CHRIS SEWARD — cseward@newsobserver.com Buy Photo

North Carolina’s national brand may be changing – but not the way Gov. Pat McCrory intended when he talked during his campaign about the Tar Heel state undergoing an image makeover.

“North Carolina’s economic development brand is currently being diminished by high taxes, excessive regulation and broken state government,” was McCrory’s standard campaign line.

There was the suggestion of perhaps a new advertising slogan. The new brand that McCrory seems to want is that North Carolina is more business-friendly.

But since he took office in January, the state has been undergoing a brand change of a very different kind.

The sharp rightward turn of the legislature and the Moral Monday protests have turned North Carolina into one of the nation’s top political spectacles.

CBS News, Fox News, The Wall Street Journal, The Washington Post, The Los Angeles Times, MSNBC and The New York Times have all beaten a path to Raleigh to gawk.

The national coverage is worth millions of dollars of publicity. Unfortunately for North Carolina, it may also be the wrong kind of publicity.

Moderate reputation

For decades, North Carolina prided itself as a middle-of-the road state, electing moderate governors of both parties. Such stable, moderate governance was considered good for business.

One of the reasons North Carolina didn’t mount a campaign of massive resistance against integration during the 1950s and 1960s was that governors such as Luther Hodges and the state’s business leadership thought it would scare away the corporations the state was trying to convince to locate here.

So how does the current legislature’s agenda fit into the state’s image of a modern, moderate state where a smart 21st-century executive would want to invest?

Anti-gay laws? Shariah legislation? Guns in bars? Some of the worst-funded public schools and worst-paid teachers in the nation? Shrinking the once proud University of North Carolina’s budget? Harsh anti-abortion legislation? The list goes on.

The massive weekly demonstrations and arrests look like a state that is on the verge of a nervous breakdown.

Companies are watching

The lawmakers claim not to be concerned about the national coverage. I believe them. But they should be.

They may not read or watch the national news. But guess who does? The deep pockets who decide where the jobs will go.

Think about the companies that North Carolina is counting on to invest in its future: MetLife of New York; Citrix Systems of Santa Clara, Calif.; Fidelity Systems of Boston; Wells Fargo of San Francisco; GlaxoSmithKline of London; Cisco Systems of San Jose, Calif.; Lenovo of Beijing; and Credit Suisse of Zurich.

Undoubtedly, someone will say, well what about Texas? That is a very conservative state, yet it attracts lots of corporations.
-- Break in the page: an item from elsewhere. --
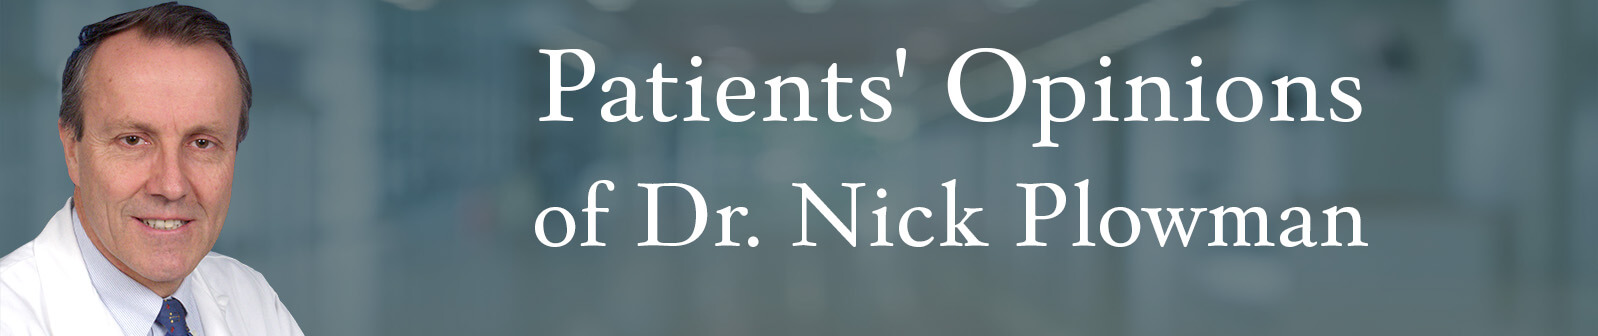 Patients' Opinions of Dr. Nick Plowman

But Texas is America’s Saudi Arabia, and unless North Carolina discovers another Permian Basin, it can not count on following the Texas model.

What kind of brand do you think these out-of-state companies are looking for? Do you think they are looking for strife-filled states with bargain basement taxes whose politics have become political three-ring circuses? Or are they looking for moderate, well-regulated states?

Six months into his administration, McCrory may have already lost control of the branding issue.